• _Problem requirements_
The reply to the records below should contain exactly the lines from the line with "https://youtu.be/n2-TtAOy2pg" through the line with "#santabarbaradining #santabarbarapub #santabarbarafoods", and nothing besides.

___ Materials provided

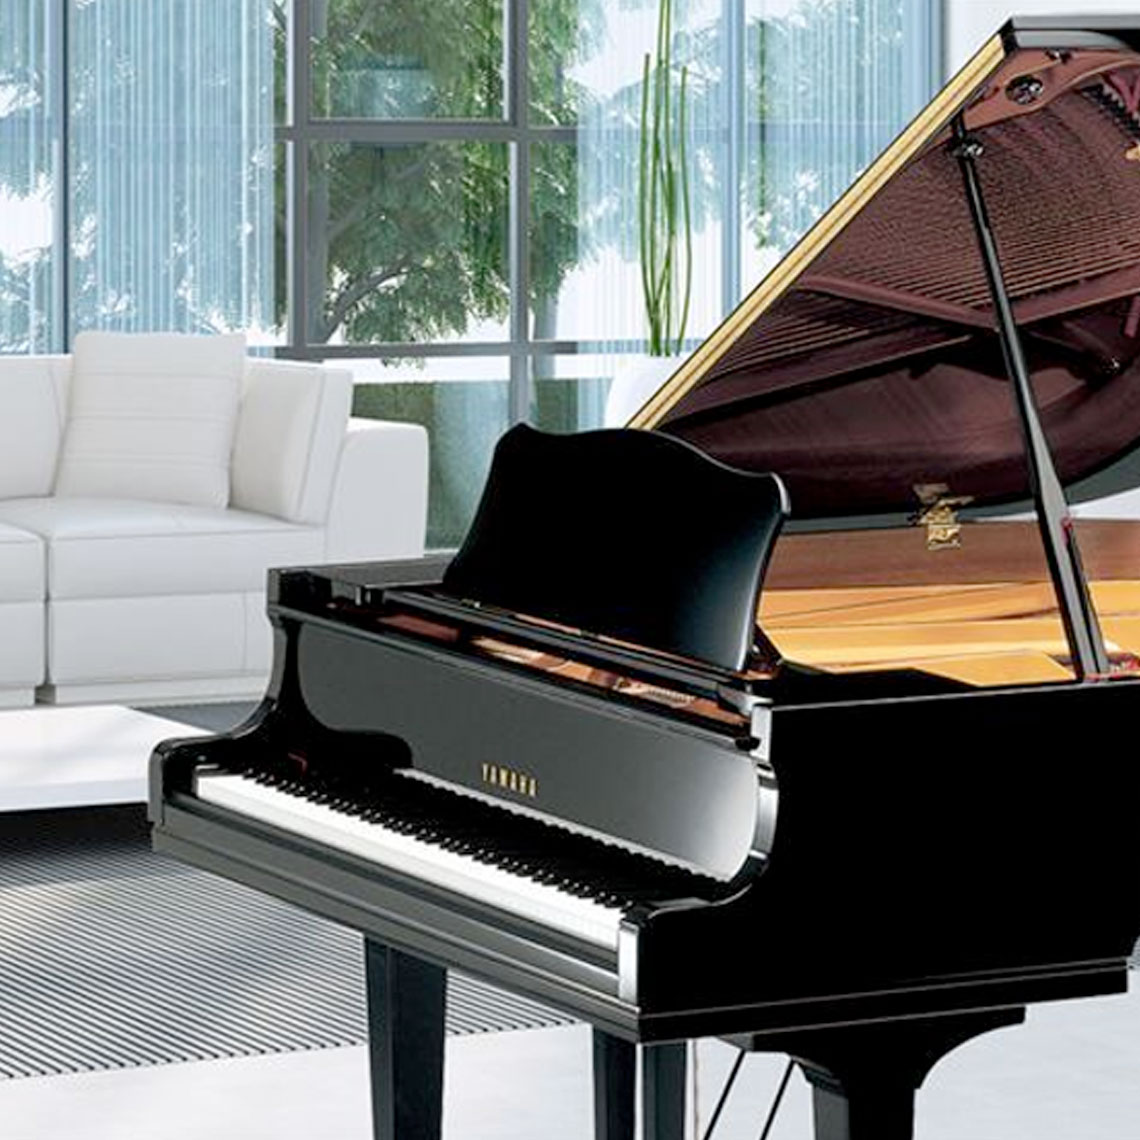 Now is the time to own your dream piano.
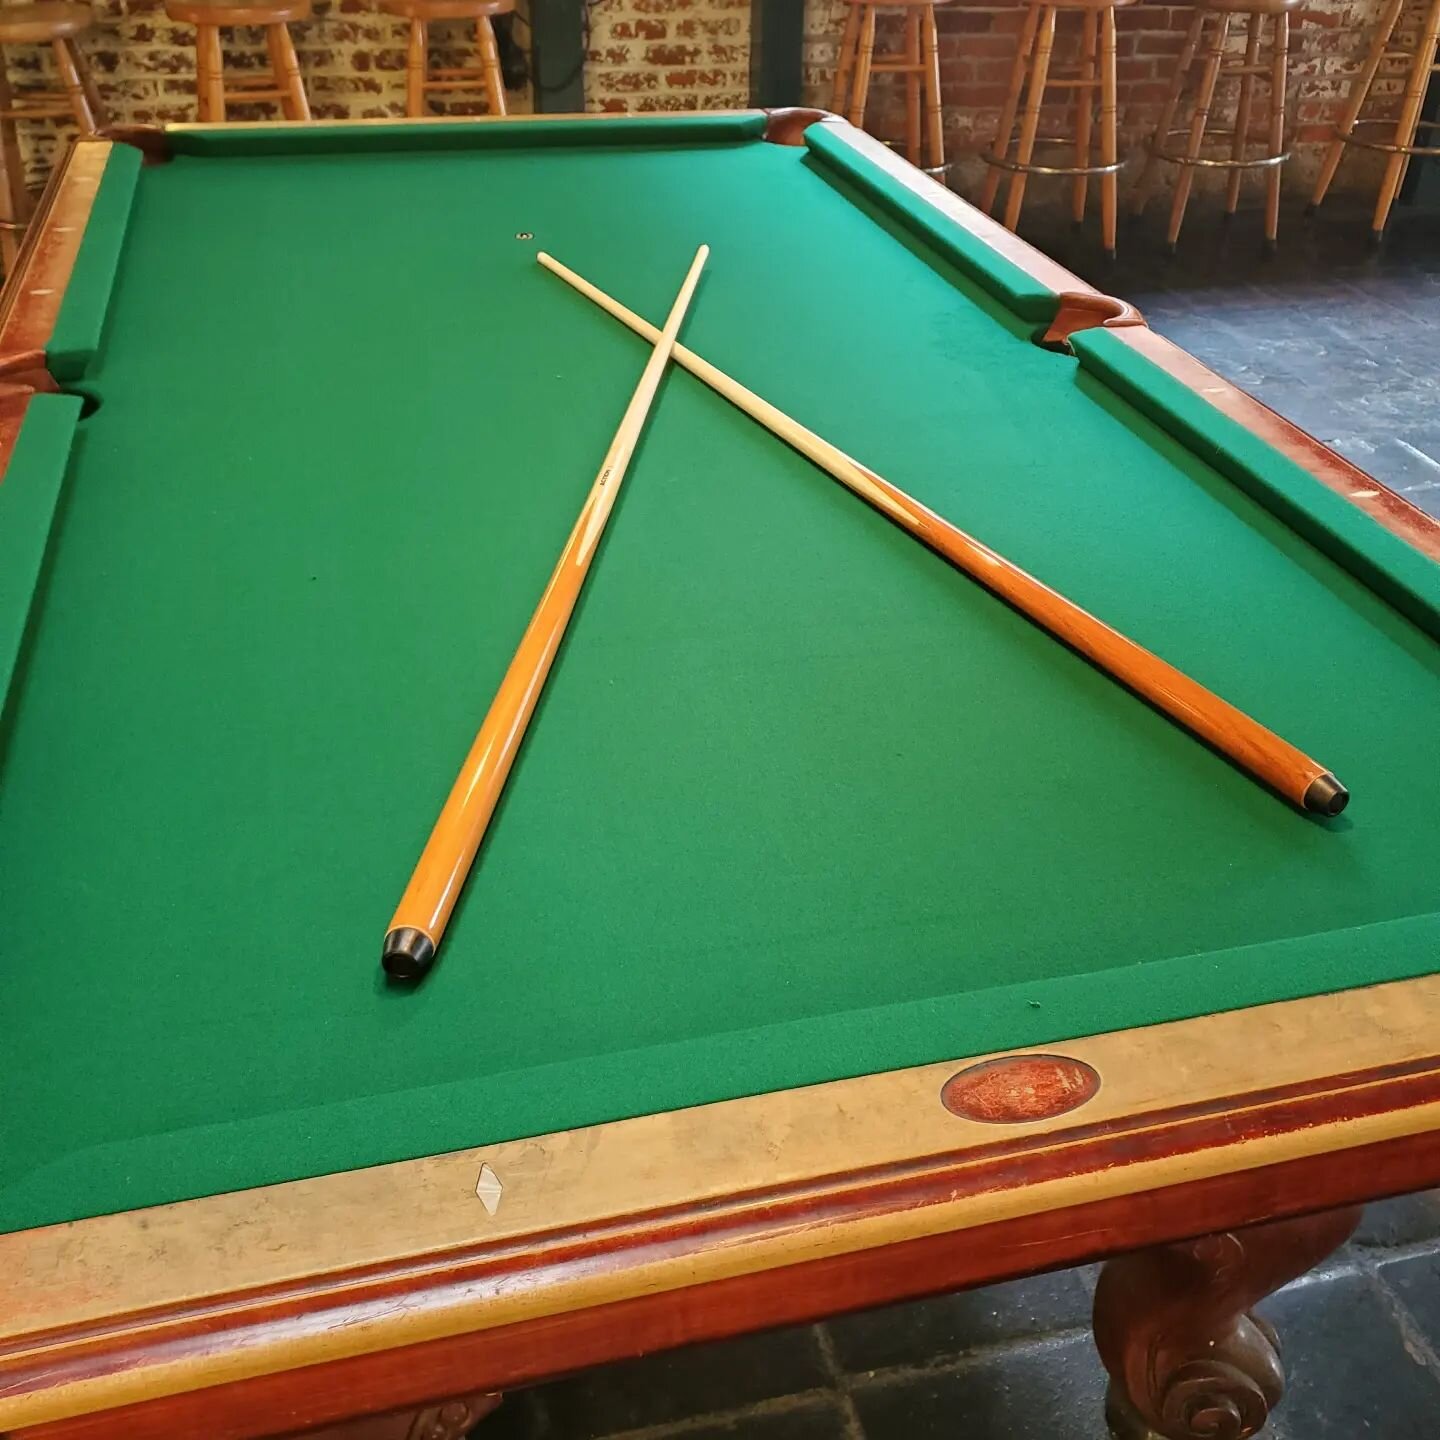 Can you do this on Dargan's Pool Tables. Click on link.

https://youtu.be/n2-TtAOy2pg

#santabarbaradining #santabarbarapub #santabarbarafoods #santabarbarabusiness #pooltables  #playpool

______
___ Materials provided

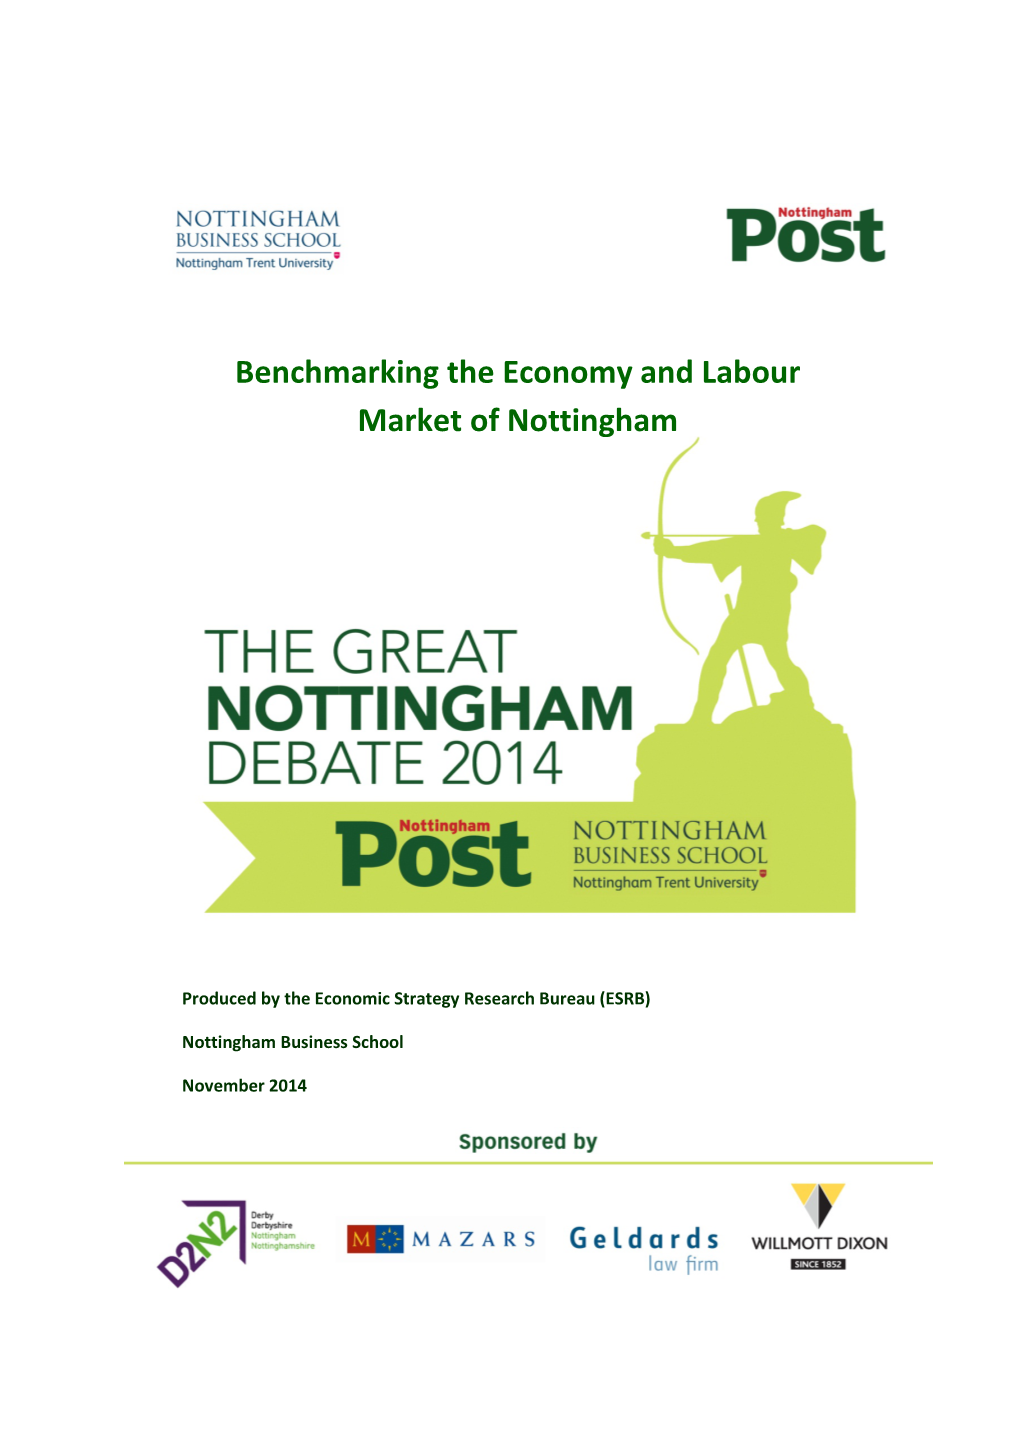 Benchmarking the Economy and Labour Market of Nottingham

______

• _Reply_
https://youtu.be/n2-TtAOy2pg

#santabarbaradining #santabarbarapub #santabarbarafoods #santabarbarabusiness #pooltables  #playpool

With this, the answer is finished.